I also understand that, among other things, one of the movie's big set pieces involves a large group of businessmen in suits doing a Strohman-style briefcase dance in the middle of Sixth Avenue to the strains of "Come Together." Sound like that'll "work," right?
Now my suppositions could very well be wrong, and Across the Universe could well turn out to be a masterpiece, or so says the annoying little man sitting on my shoulder who always tells me to be nicer whenever I'm working up a good head of steam. But if that should indeed be the case, wouldn't we deserve the full-length masterpiece? Landmark work or travesty—either way, I'll have a good time. Because that's really what all this is about. Me. Having a good time.
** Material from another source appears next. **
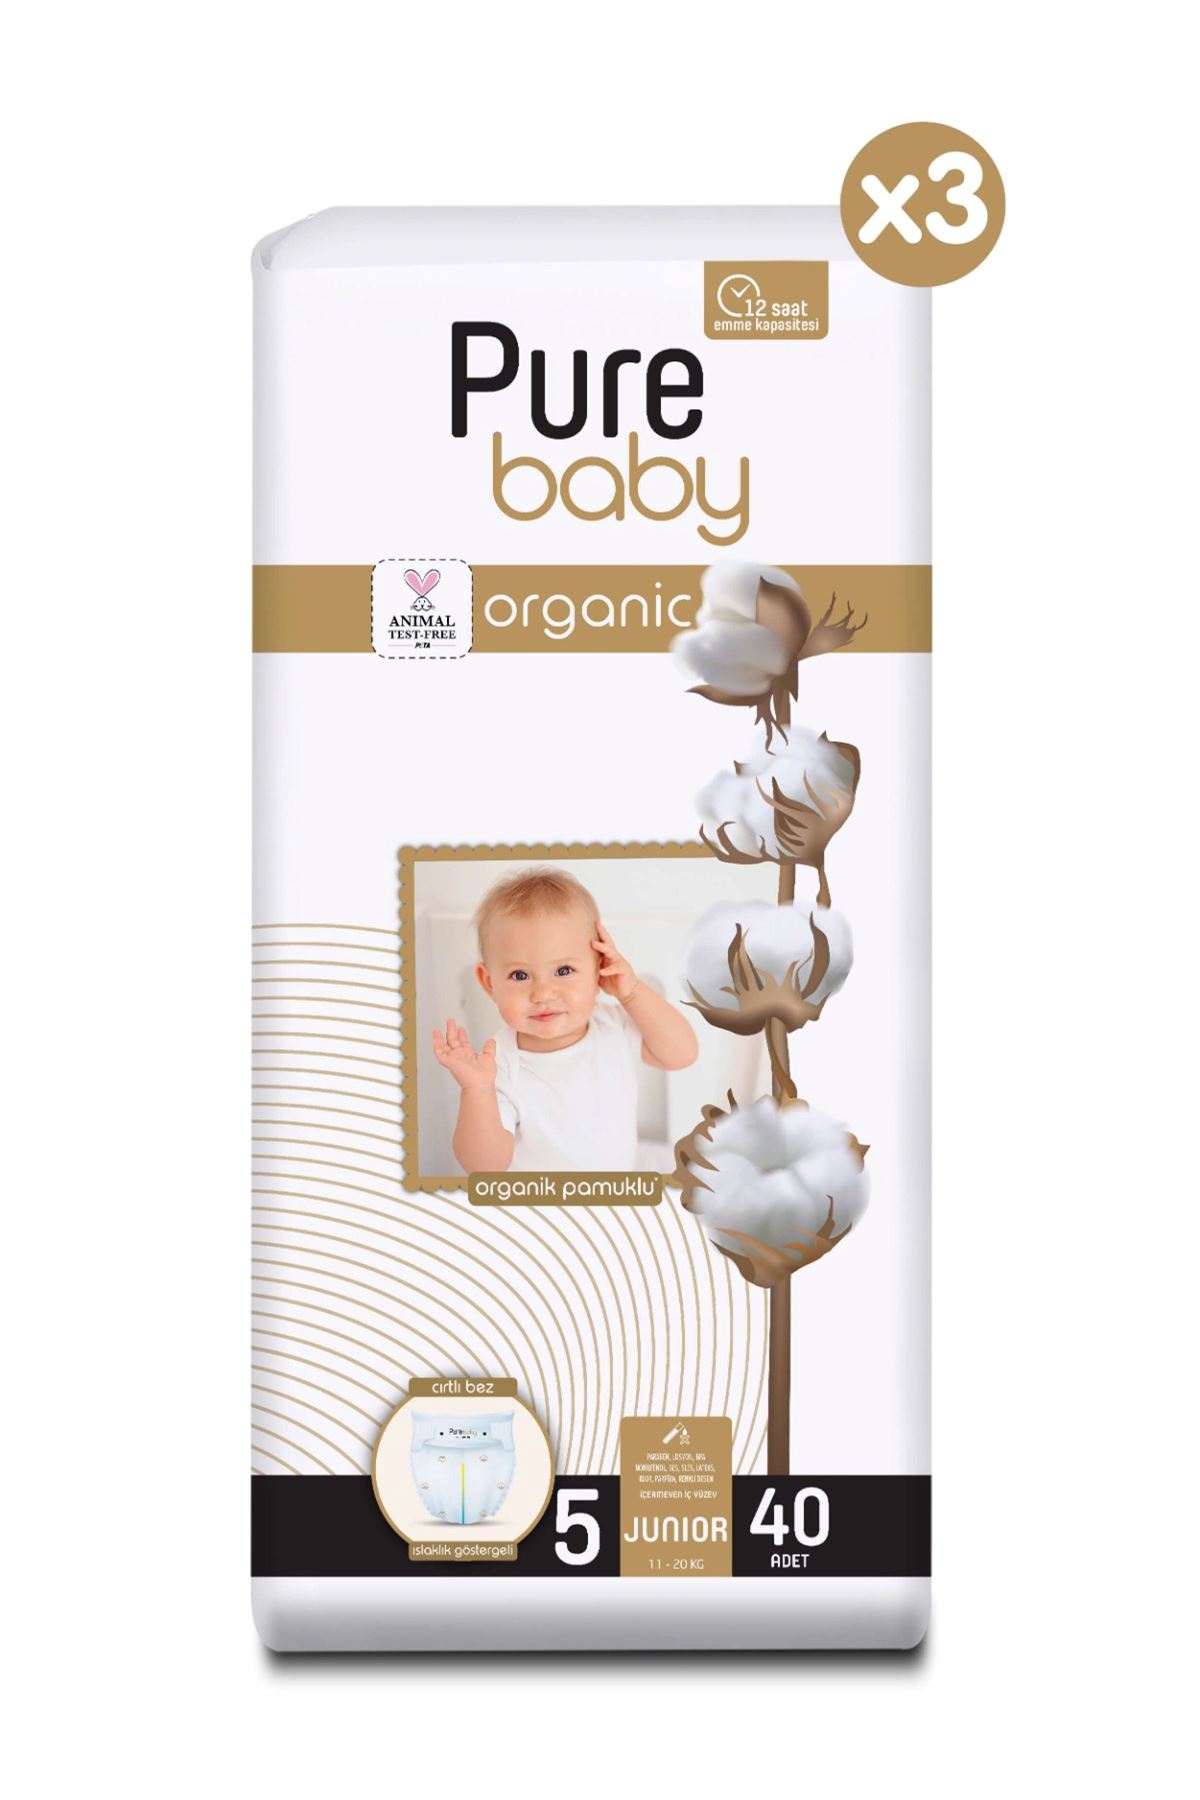 Pure Baby Organik Pamuklu Cırtlı Bez 3'Lü Paket 5 Numara Junior 120 Adet

So please, Joe Roth, put the director's cut of Across the Universe out there. 'Cause honestly, I don't think it's gonna make any money either way anyhow.
Your pal,
Glenn Kenny

I almost feel like you're being too generous here--how many English-speaking people born in the latter part of the 20th century DIDN'T, in one way or another, grow up with the Beatles' records? It's not as if they stopped being relevant once they stopped recording. So that leaves the film's core demo as...who, exactly?
Posted by: WP | March 20, 2007 at 06:29 PM
As a proud French citizen, may I say to Monsieur Roth: that Legion D'Honneur rosette you covet is not getting any closer to your buttonhole.
But one question: aside from YELLOW SUBMARINE, can anyone name a movie inspired by -- not starring -- the Beatles that was any good? I can only think of two: THE HOURS AND TIMES, with Ian Hart pretending to be John Lennon, and HAVING A WILD WEEKEND, with the Dave Clark Five pretending to be the Fab Four. Any other nominees?
Posted by: crazysummerswithbrigitte | March 20, 2007 at 07:16 PM
Let's look at it this way: if the short version is released and tanks, Taymor can dump the blame on Roth's doorstep. But if her cut is released and tanks, she winds up with omelet on her face and Roth looks like a genius. This could be ve-e-ery interesting...
Posted by: cadavra | March 21, 2007 at 01:38 AM
Visionary? This idea seems beneath even the Baz Luhrman treatment.
Posted by: Bugs Meany | March 21, 2007 at 10:02 AM
What? No mention of All This and World War II? Stock footage of the great war set to Beatles covers -- now there's a concept! (Still, that Peter Gabriel cover of Strawberry Fields Forever is pretty cool.)
I'll admit to not being a huge fan of Taymor's work, but I'd still rather see her vision than some tinkered version overseen by the man who directed Christmas with the Kranks.